Top of DATA SEGMENT

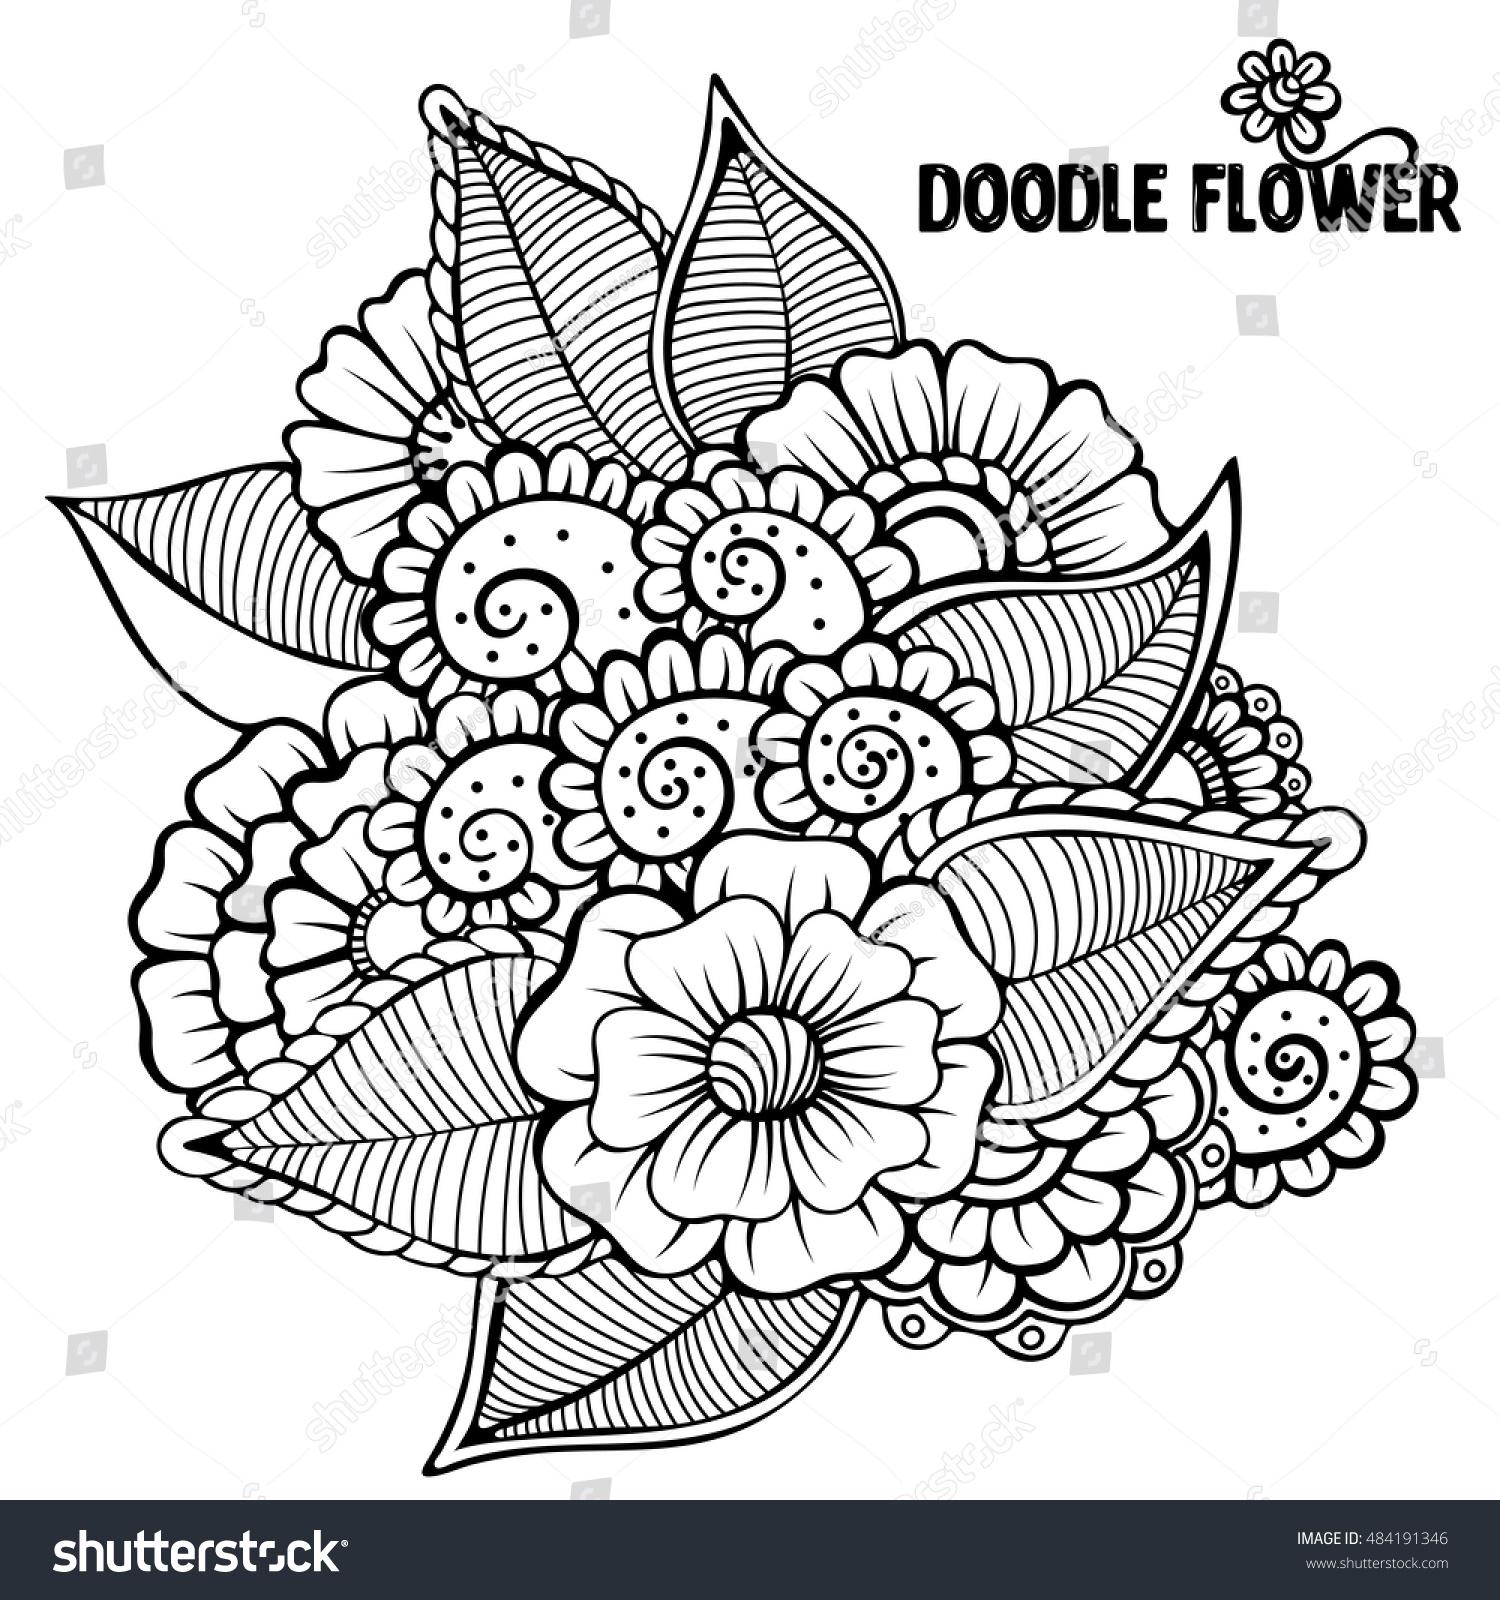 Flowers Vector Flowers Doodle Flowers Zentangle Stock Vector HD ...
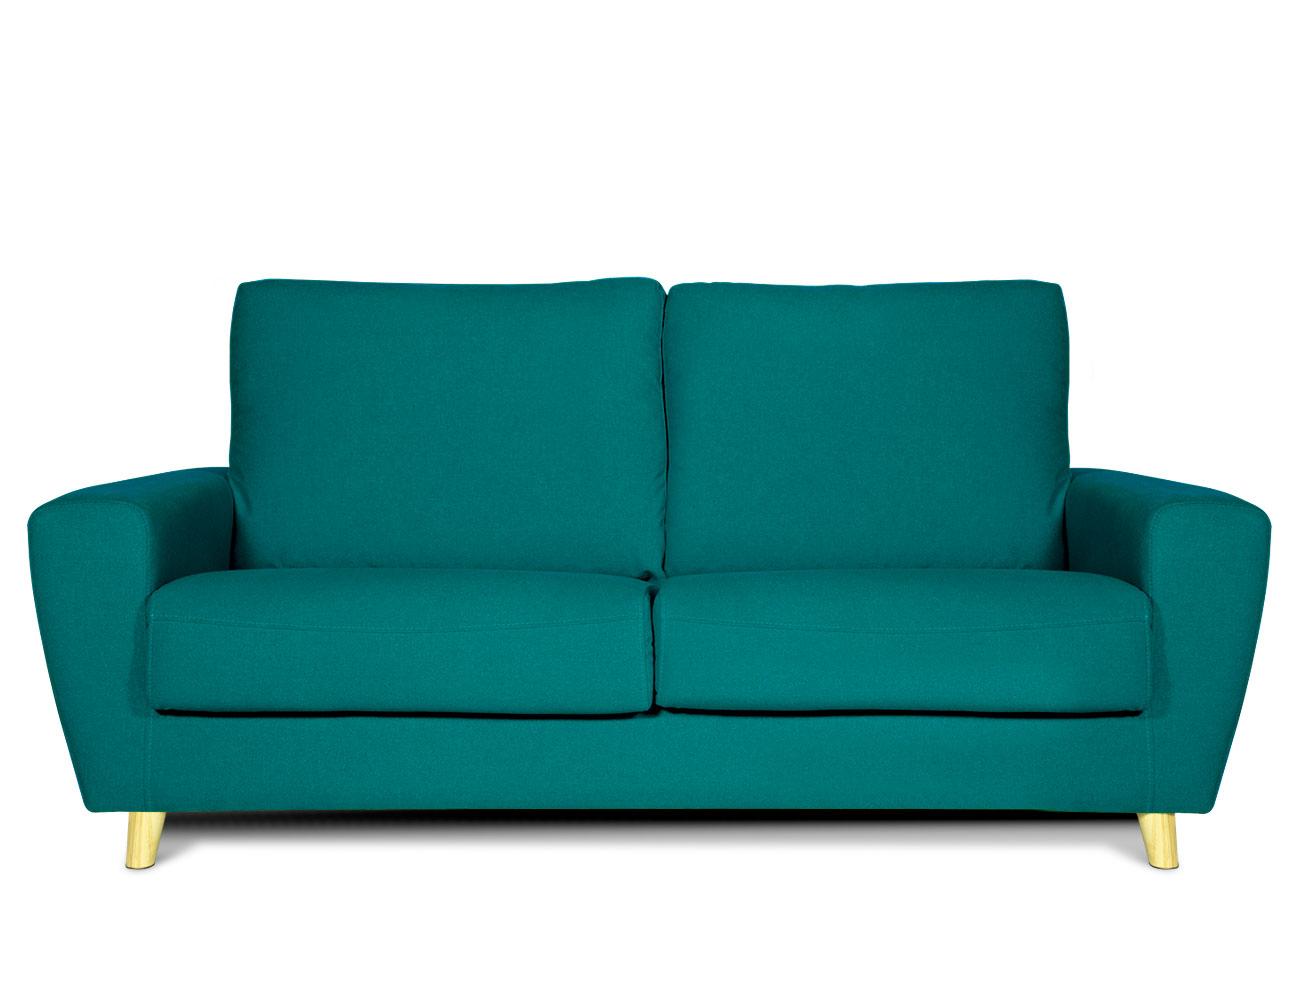 Sofa 3 plazas moderno verde
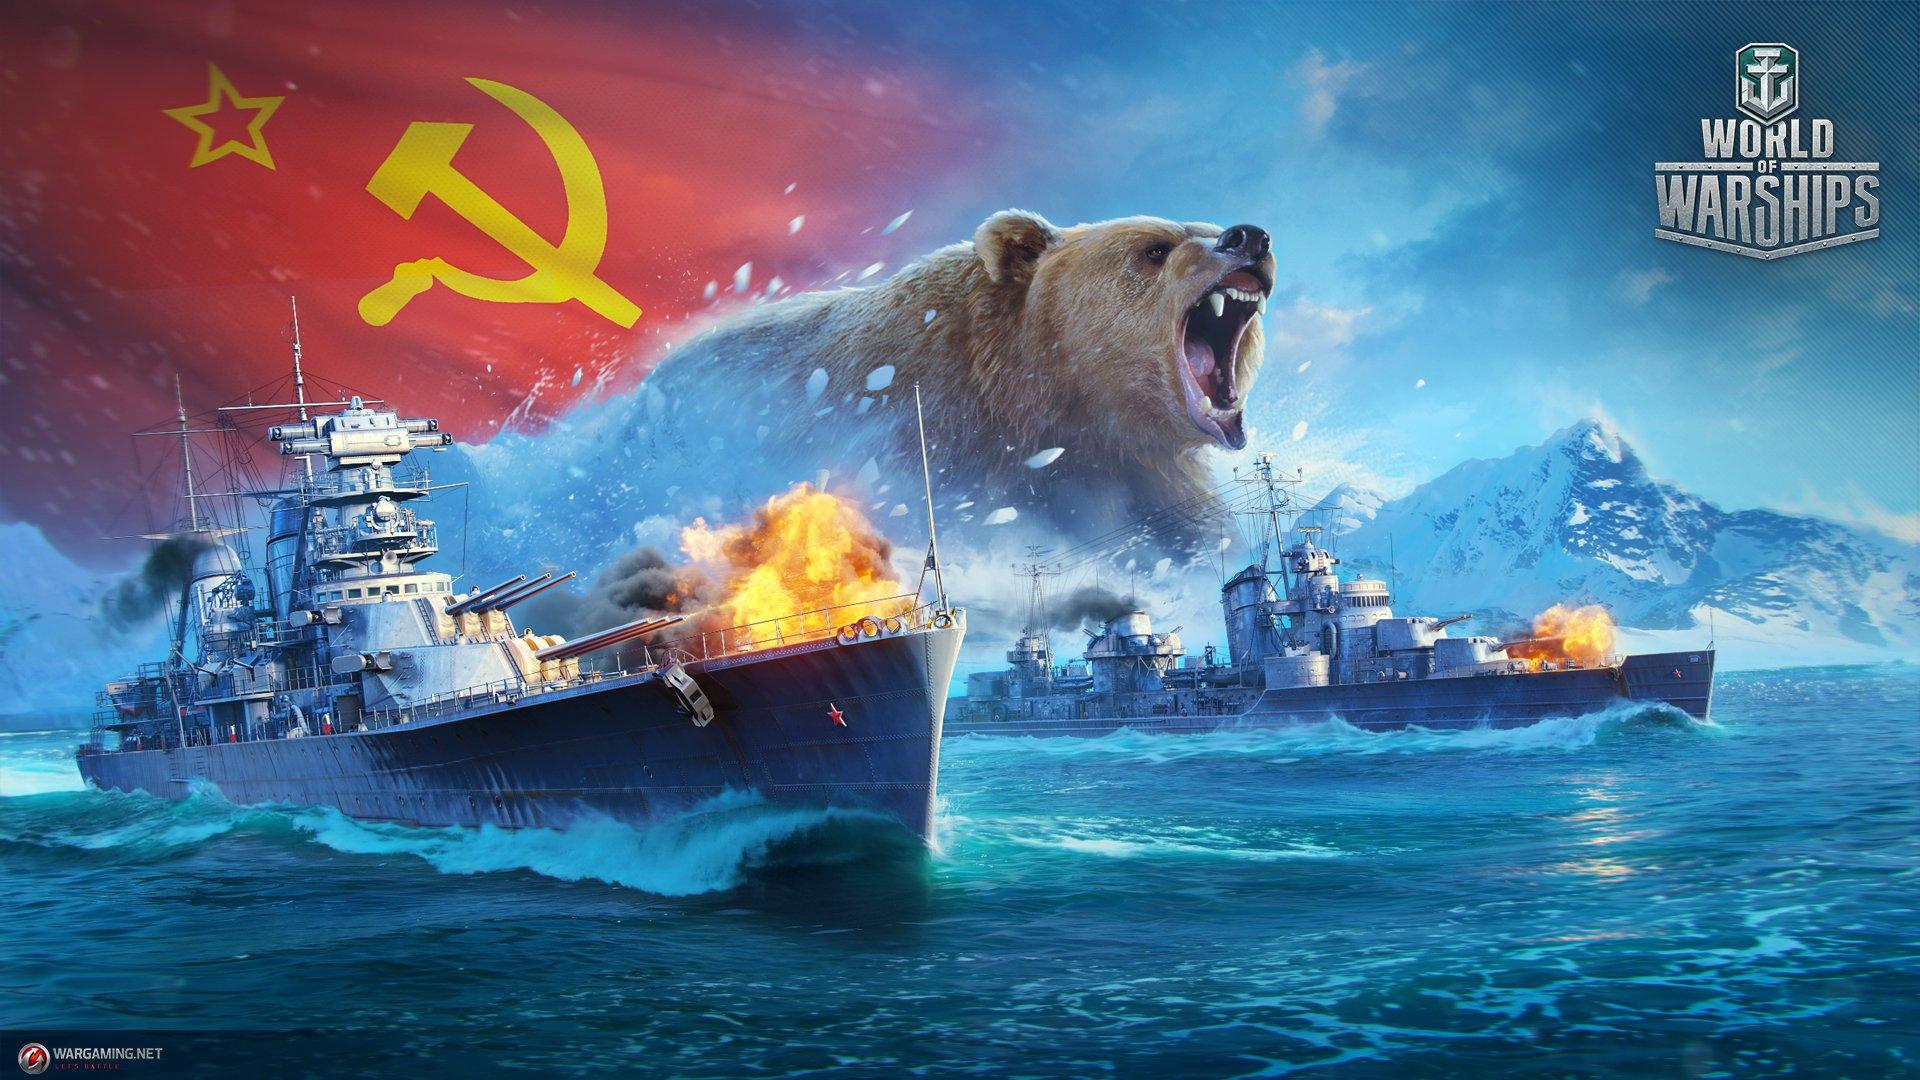 ノルトフリート Twitterren ロシアwowsの方で公表された壁紙らしいが

Bottom of DATA SEGMENT

* _HOW TO COMPLETE THIS TASK_
Give back exactly the lines from the line with "Sofa 3 plazas moderno verde" through the end of the material above, inclusive, with no pictures.

* _RESPONSE TO THE EXERCISE_
 Sofa 3 plazas moderno verde
 ノルトフリート Twitterren ロシアwowsの方で公表された壁紙らしいが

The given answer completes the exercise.